You might suggest that there's a simple "legitimate" explanation why she attributes mostly elementary statements to the 5 physicists 22 times. She isn't a real authority. So it's right for her to "report what the authorities say" which is why the statements are more authoritative once the physicists endorsing them are named. But if that's so, I would like to know the name of the physicist who has recommended the far-reaching and controversial summary in the subtitle, or any of the wrong statements such as "symmetry hasn't helped to explain why dark matter is transparent". It seems she is making the text look more authoritative by attributing some (sensible) statements to physicists, but the most important statements are wrong, unattributed, and the reader is supposed to overlook it.

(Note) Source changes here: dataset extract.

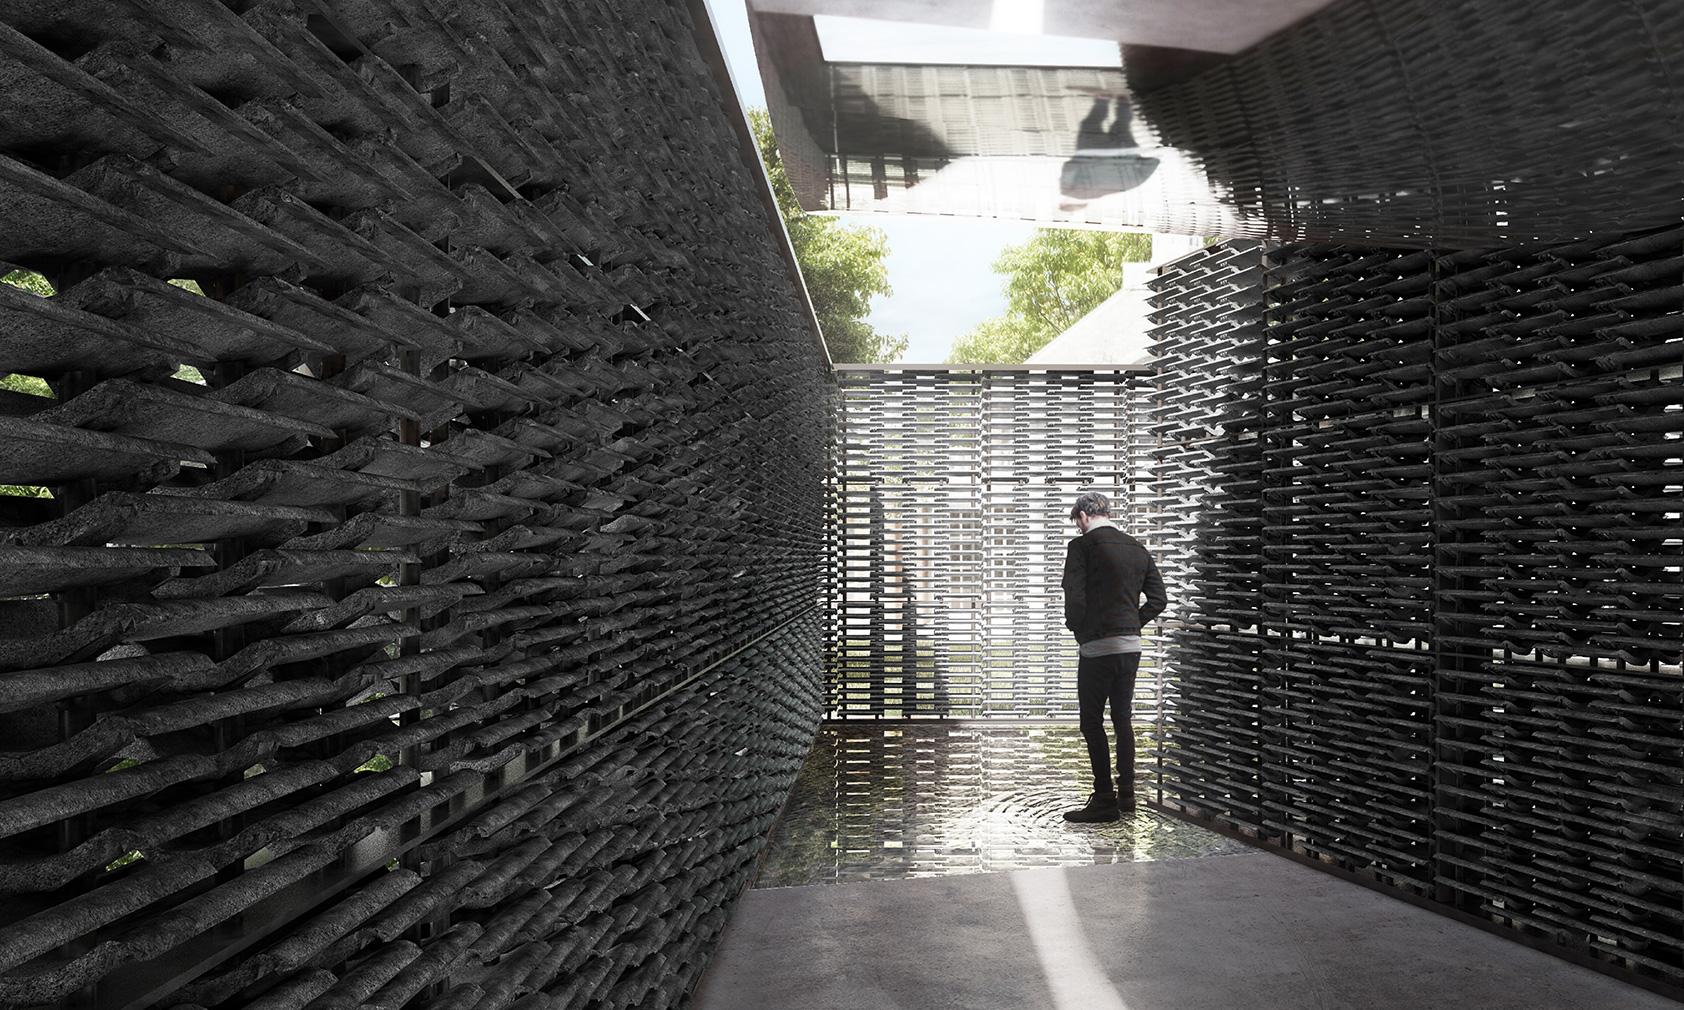 Serpentine Pavilion 2018 designed by Frida Escobedo, Taller de Arquitectura, © Frida Escobedo, Taller de Arquitectura. Renderings by Atmósfera

This mess is unavoidable in the "humanities" type of science journalism. You know, if one writes good popular science, one doesn't need to refer to the authorities. It's just good, the smart readers see it, and some experts who read the popular stuff will see it, too. Martin Gardner – to continue with an example I mentioned above – was primarily keen on recreational mathematics. He was no professional physics researcher, ever. But he just understood special relativity well. He wrote popular books about it where he didn't need to refer to "authoritative" sources because the real authority came from the arguments that made sense because he actually understood the stuff.

These days, journalists and popular writers generally understand nothing and their writing doesn't make much sense beyond the universal templates that they have learned in their journalism courses which is why they have to build on obnoxious appeals to authorities and why their texts unavoidably end up being misleading political tirades. Many of them openly disagree with the thesis that science is about the evidence, about the arguments' making sense, not about authorities (many people claiming to be science journalists are even willing to support insane clichés about the formidable 97% consensus and similar things). That's a simple way to see that the ideas and especially the methodologies they are trying to spread have very little to do with science. They're mostly abusing the word because it has earned quite some capital and they find it useful to be parasites on the good name of science. But the capital wasn't earned by these journalists or their type of "work" at all.